◆ **Source material**:
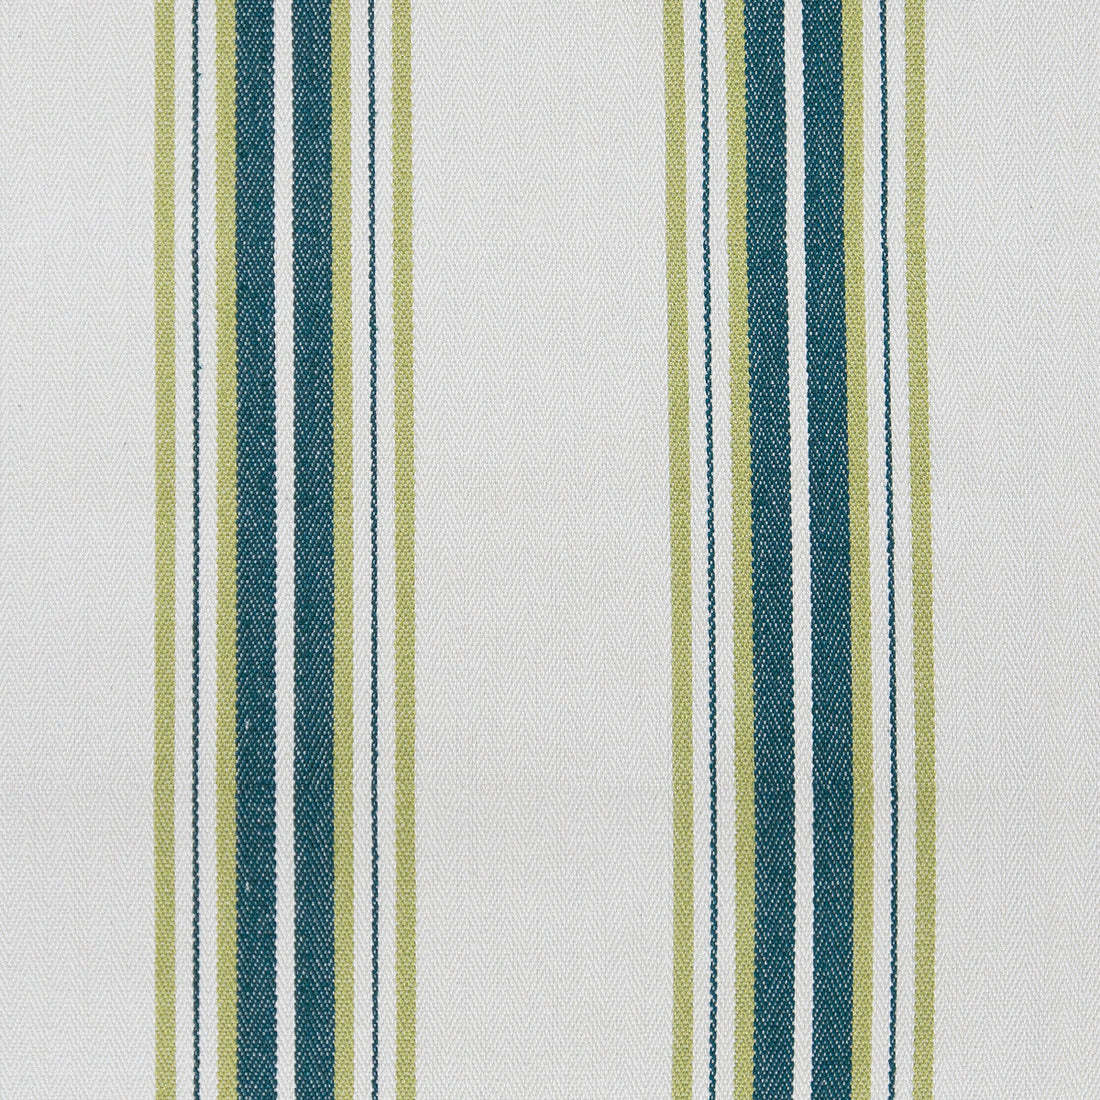 Nueva York fabric in verde color - pattern GDT5573.006.0 - by Gaston y Daniela in the Gaston Luis Bustamante collection
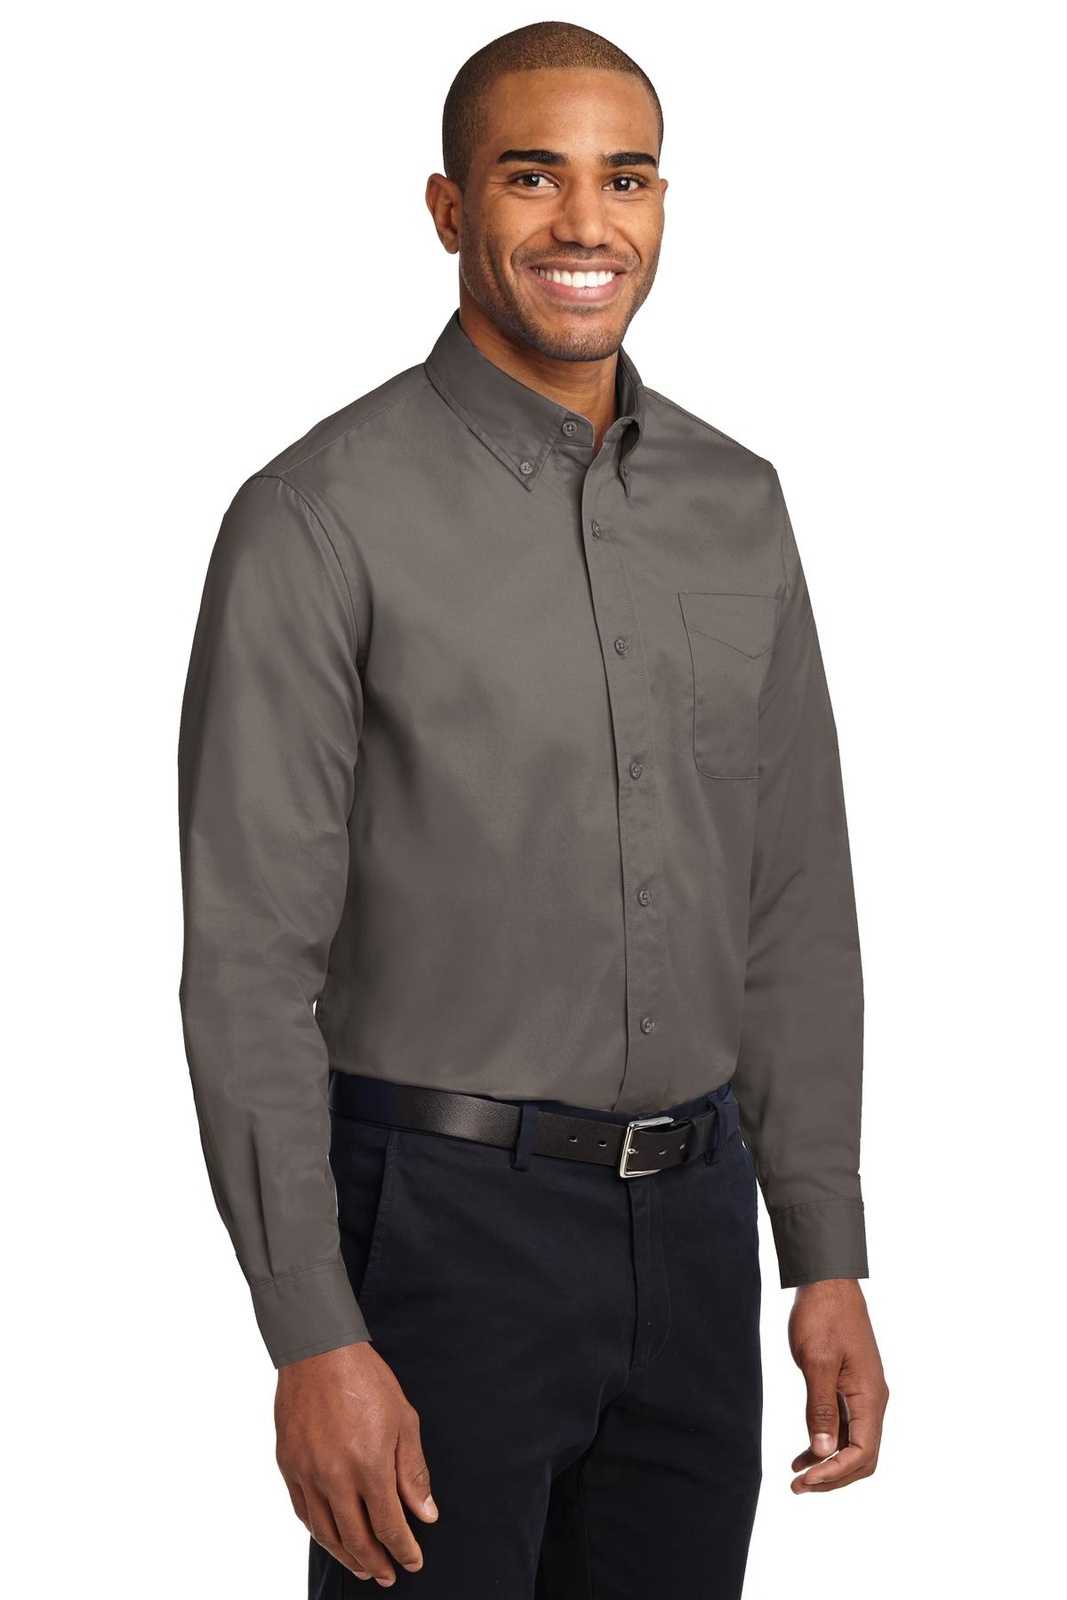 Port Authority S608 Long Sleeve Easy Care Shirt - Bark - HIT a Double - 4
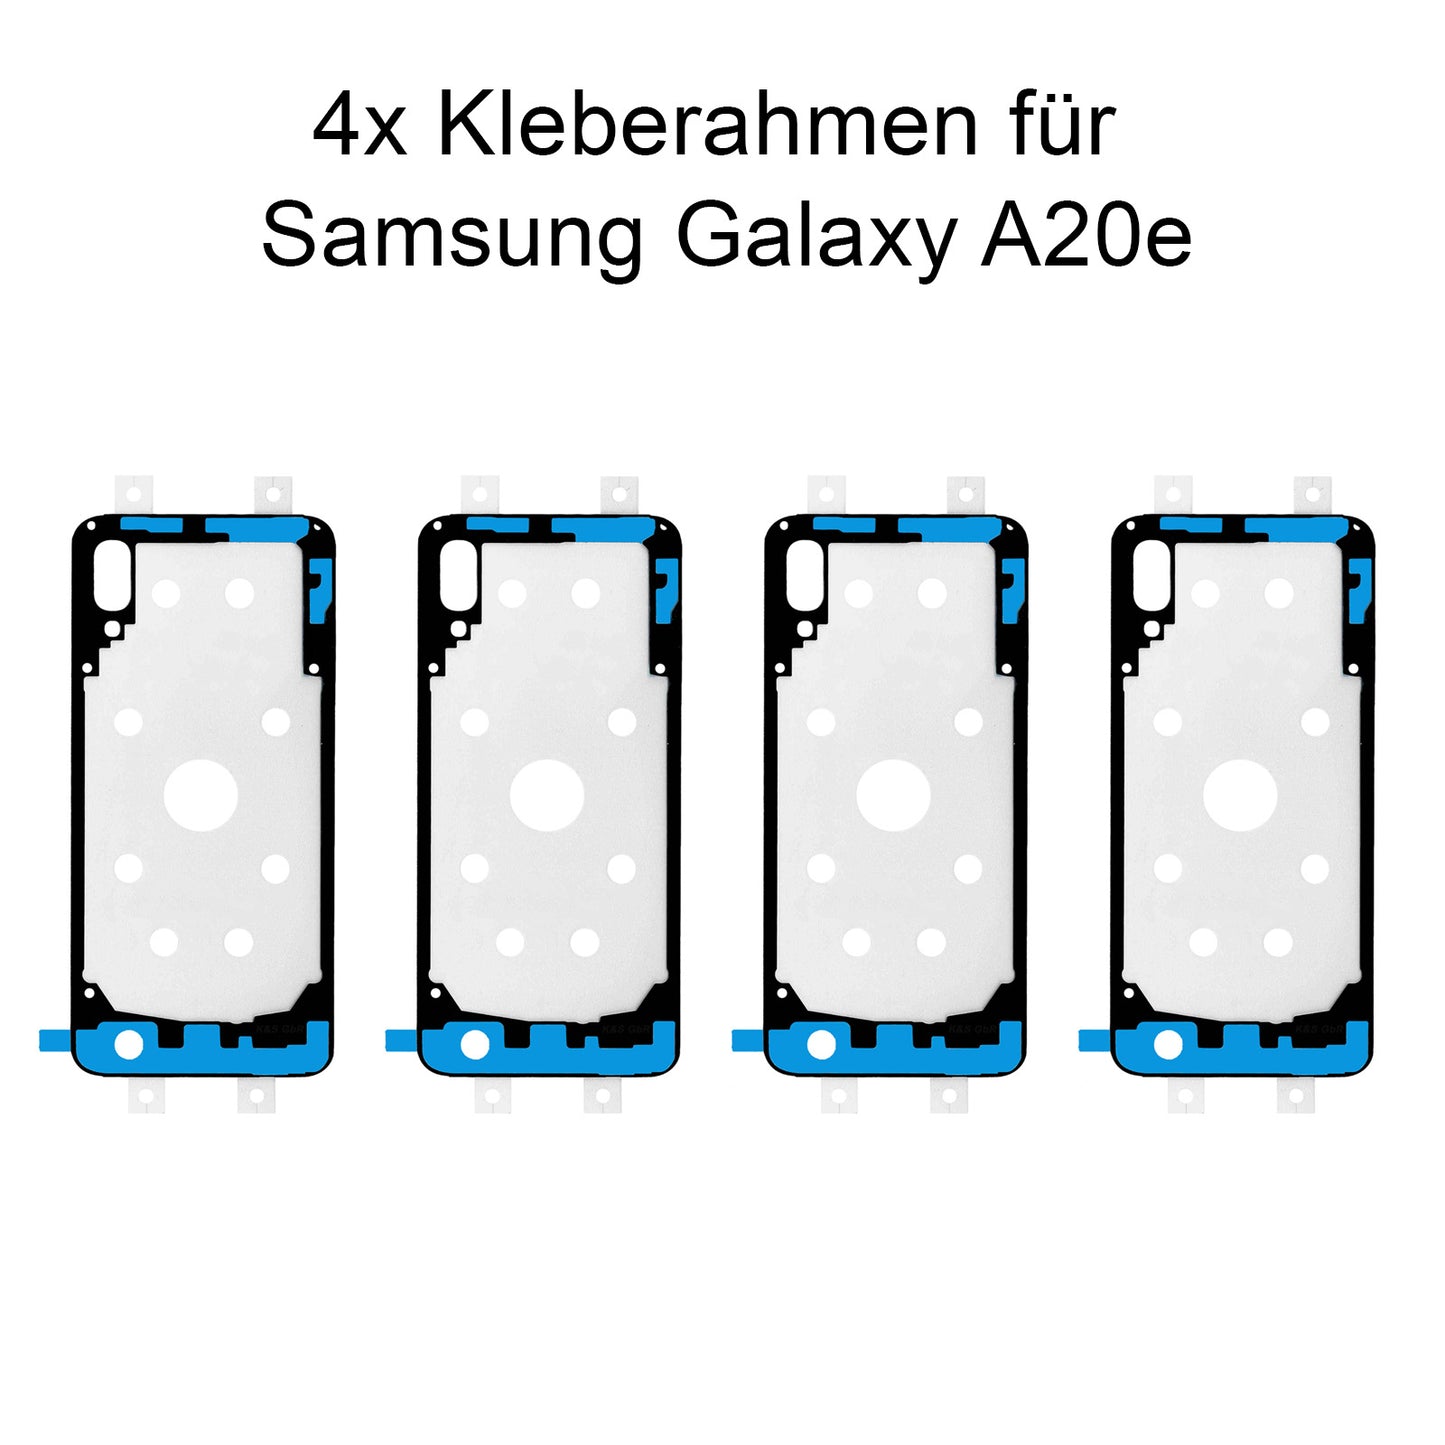 4x Kleberahmen für das Samsung Galaxy A20e, SM-A202. Klebepad, Adhesive Wasser Dichtung, im Dinngs Onlineshop entdecken und bestellen!
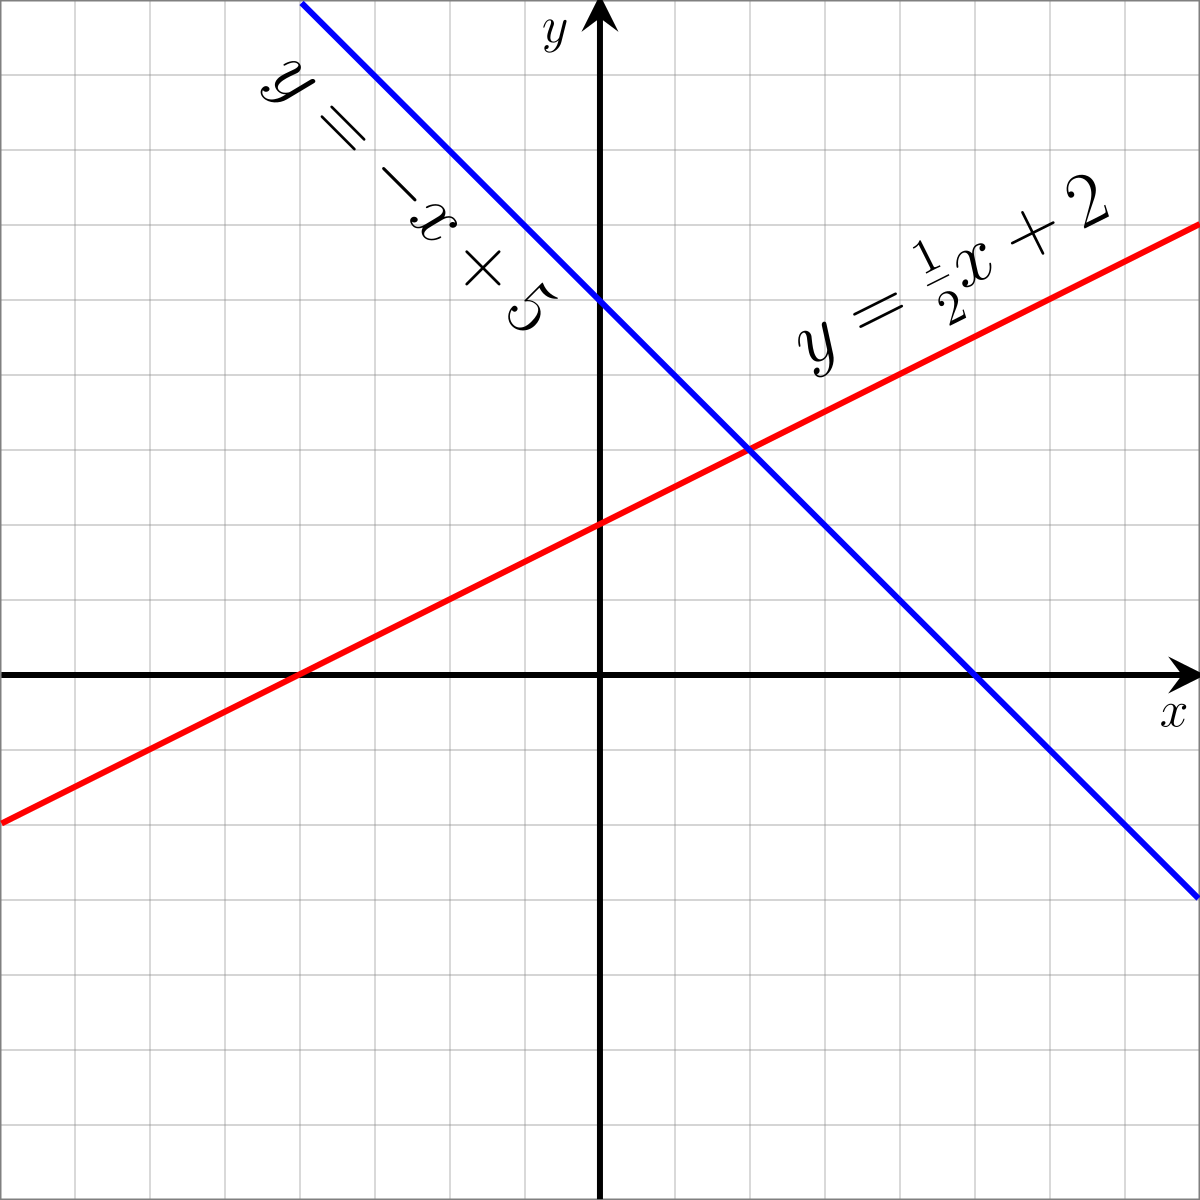 المعادلة الخطية تمثل بخط مستقيم

◆ **Try it**:
Set the listing down again exactly, skipping each picture.

◆ **Your response**:
 Nueva York fabric in verde color - pattern GDT5573.006.0 - by Gaston y Daniela in the Gaston Luis Bustamante collection
 Port Authority S608 Long Sleeve Easy Care Shirt - Bark - HIT a Double - 4
 4x Kleberahmen für das Samsung Galaxy A20e, SM-A202. Klebepad, Adhesive Wasser Dichtung, im Dinngs Onlineshop entdecken und bestellen!
 المعادلة الخطية تمثل بخط مستقيم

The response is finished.